Over a three-well program the FORGE drill teams reduced well times by more than half, with instantaneous ROP increased over 400% in the thick granite pay zone. At the same time, record footage per bit was increased over 200%. The physics-based, limiter-redesign workflow utilized is described, along with specific changes in design and operational practices. Both are expected to yield similar results in any hard rock, geothermal or similar operations.

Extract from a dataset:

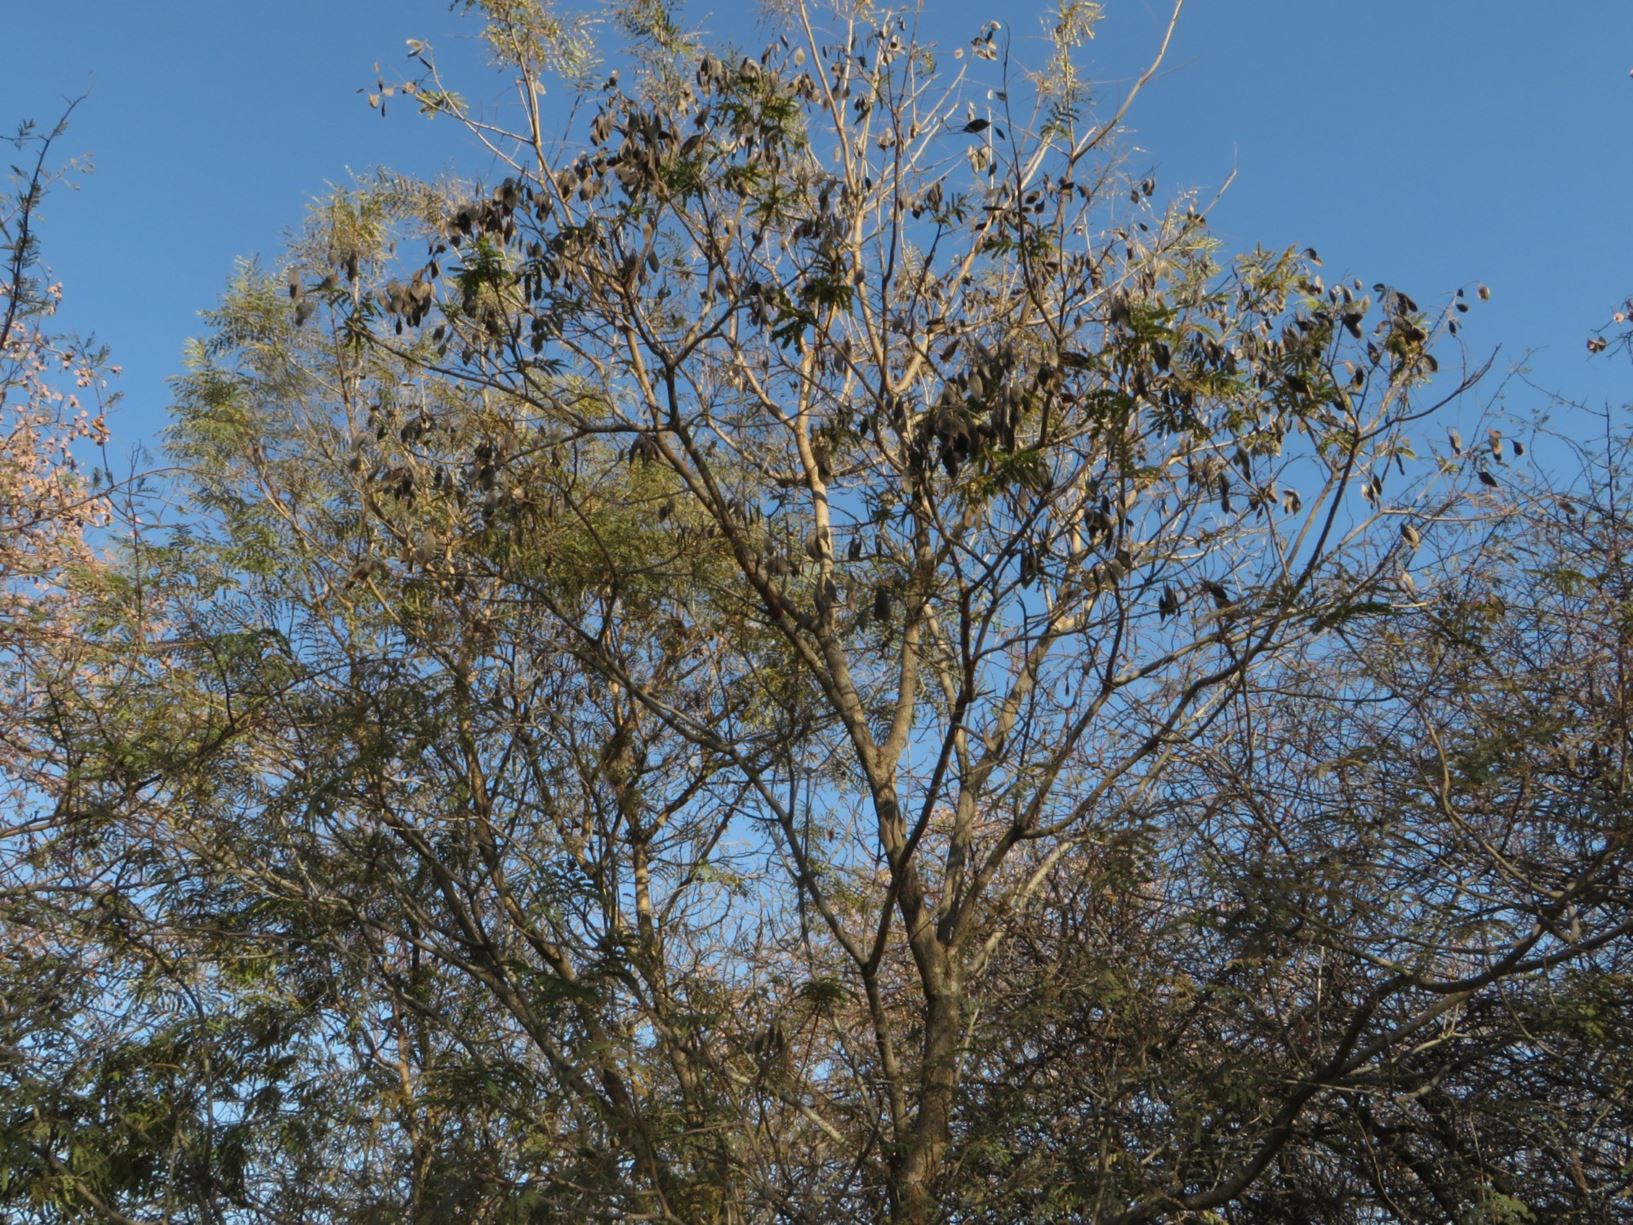 Peltophorum africanum - Boerboon, Dopperkiaat, Huilboerboom, huilboom, Kajatehout, Kiaathout, African black wattle, African Blackwood, Black Wattle, African wattle, Isikhabamkhombe

In 2020, the U.S. Department of Energy (DOE) funded a group at Texas A&M University to develop physics-based practices for the geothermal industry, similar to those that have enabled large gains for many operators in the petroleum industry. Wells in the Frontier Observatory for Research in Geothermal Energy (FORGE) were used to develop and test the workflow and practices. The effort began with sixteen hours of training for all team members, including drilling management. Changes were made in the daily workflow, such as periodic parameter testing, real time recognition and response to the common drilling dysfunctions, limiter identification, and daily discussion of the physics of each limiter and the immediate response required that included remote support personnel. The continual daily emphasis on identification of limiters, combined with training in how each limiter physically worked, created an enabling environment for change

Some of the key performance limiters addressed in these FORGE wells included previously held beliefs about limitations on WOB with PDCs, modifications to reduce BHA whirl, use of high WOB to suppress bit whirl, identification and avoidance of resonant RPM, BHA design and drilling practices to reduce the amplitude of borehole patterns to improve weight transfer, and the use of high spurt loss fluid (water) to achieve brittle rock failure. It was eventually possible to increase WOB to the structural limit of the bits (i.e., 68k lbs on 10-5/8" PDC). The bit vendor was engaged continually in daily analysis of digital data and dulls, and bits were redesigned to redistribute cutter wear, increase aggressiveness, and improve life through the increased use of shaped cutters. A significant finding was that contemporary PDC cutters remained relatively unworn for long distances in the FORGE granite regardless of WOB used, if the team is trained to manage dysfunction The mechanism through which the cutters eventually fail is discussed, along with operational and design practices to further extend the run lengths.

This paper is intended to serve as a reference, with the basic concepts, science, and real-time practices an operator may consider in developing its physics-based, limiter-redesign workflows.